Por otra parte, hoy tenemos conciencia que vivimos tiempos que son simultáneamente de resistencia y de siembra. Sabemos que tenemos que ir construyendo paralelamente una conciencia, un poder y un orden social distinto en el mismo proceso de resistir y luchar contra el orden capitalista que hoy impera. Construir un poder popular ha adquirido así una nueva connotación y renovada importancia.
Nuestros paradigmas se nutren más que nada de nuestros valores como cristianos, se impregnan de los principios de libertad, igualdad, fraternidad y democracia y se expresan programáticamente quizás mejor que nada en la doctrina de los Derechos Humanos, integrales y universales.
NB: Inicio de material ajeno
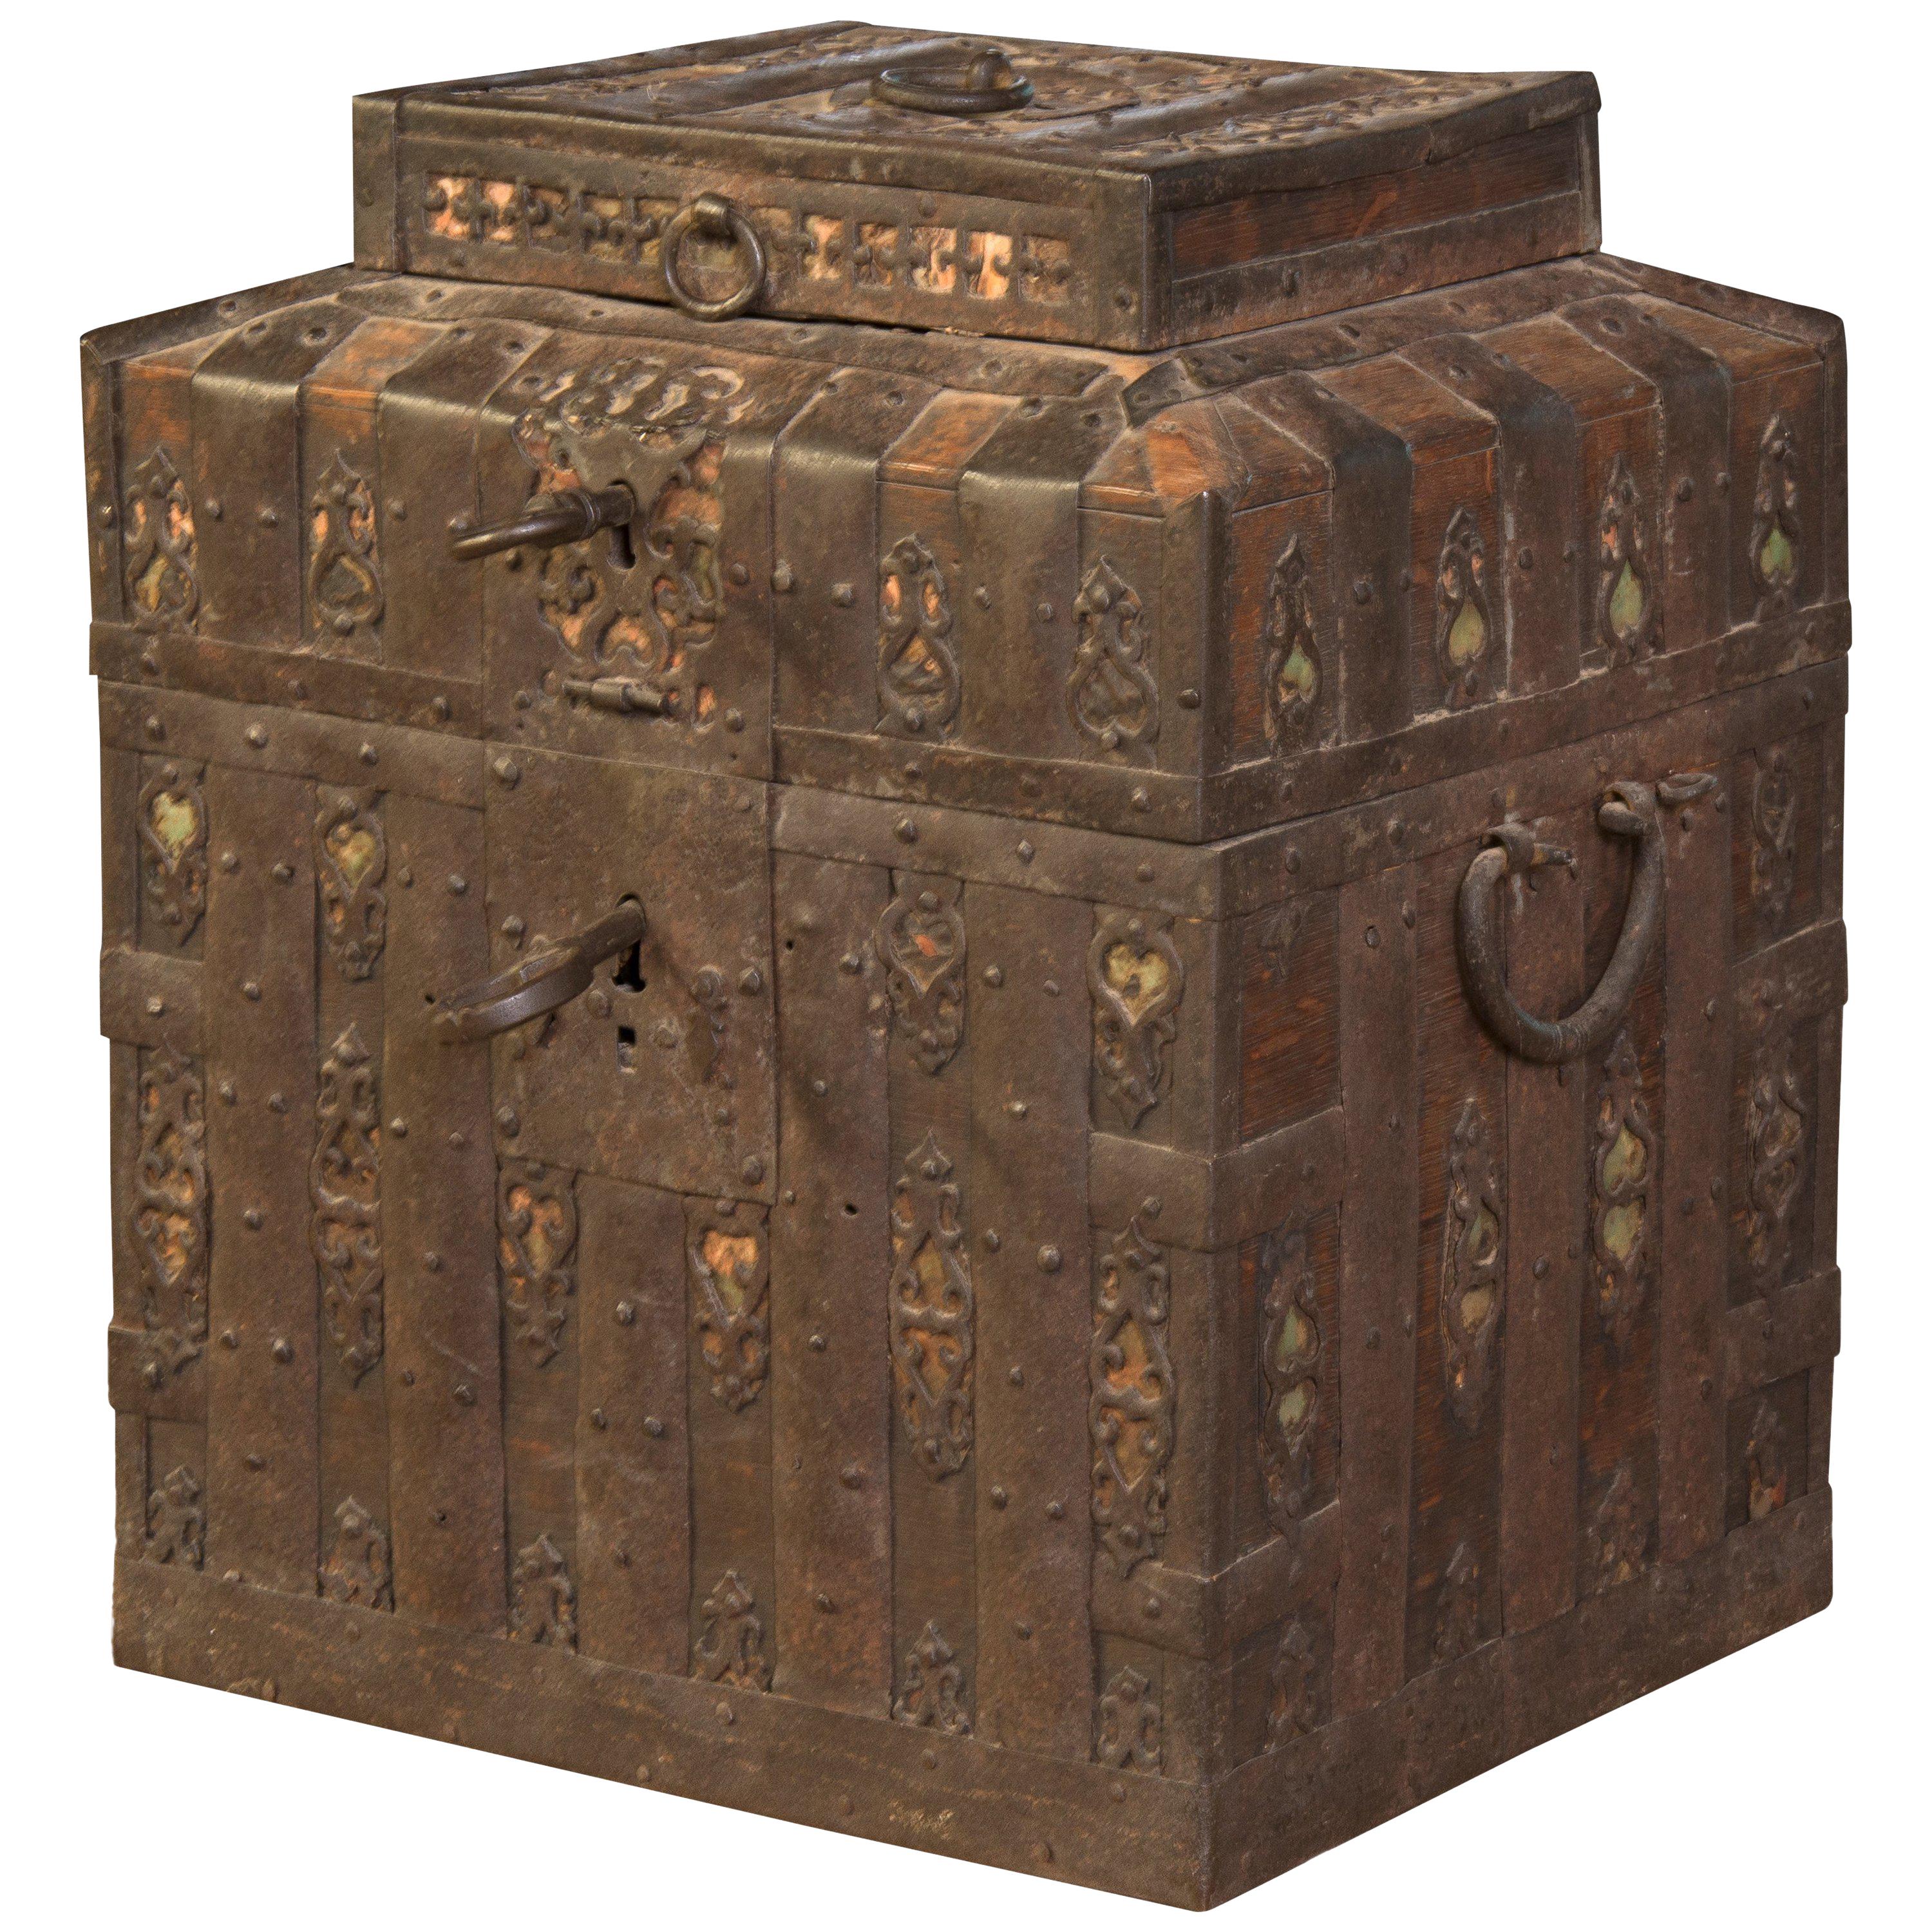 Ironbound Strongbox or Chest, Wrought Iron, Wood, Possibly Russia, 17th Century

En este camino, múltiples sujetos y movimientos sociales empiezan a encarnar al movimiento popular en que ponemos nuestras esperanzas. Desde los pueblos indígenas y afroamericanos, los movimientos por los derechos humanos, por la paz y en contra de la guerra, en contra de la discriminación de minorías –diversidad sexual, discapacitados, migrantes-, por los derechos de la mujer y del niño, los ecologistas, hasta los movimientos más tradicionales como el sindical, estudiantil, poblacional o campesino; los cristianos hemos ampliado nuestras miradas del sujeto “pobre” con el que hemos ligado nuestra suerte
Finalmente, nos hemos ido reafirmando en nuestra vida como cristianos, al margen de los vaivenes de la Iglesia institucional y jerárquica; a la que desde hace más de una década percibimos distante del pueblo. La presencia del Señor, de su amor entre los pobres, la hemos podido percibir permanentemente, por el contrario, en el testimonio de vida de muchos hermanos y hermanas, que hacen a esa iglesia-pueblo de Dios la portadora real del mensaje de Liberación en que creemos. Y que le otorgan permanente vigencia.
Artículo presentado en la reciente Consulta "Fe, Economía, Política y Sociedad" por Manuel Hidalgo V
Este artículo data originalmente de noviembre 2005, en un diálogo entre el autor y el teólogo recientemente fallecido José Comblin.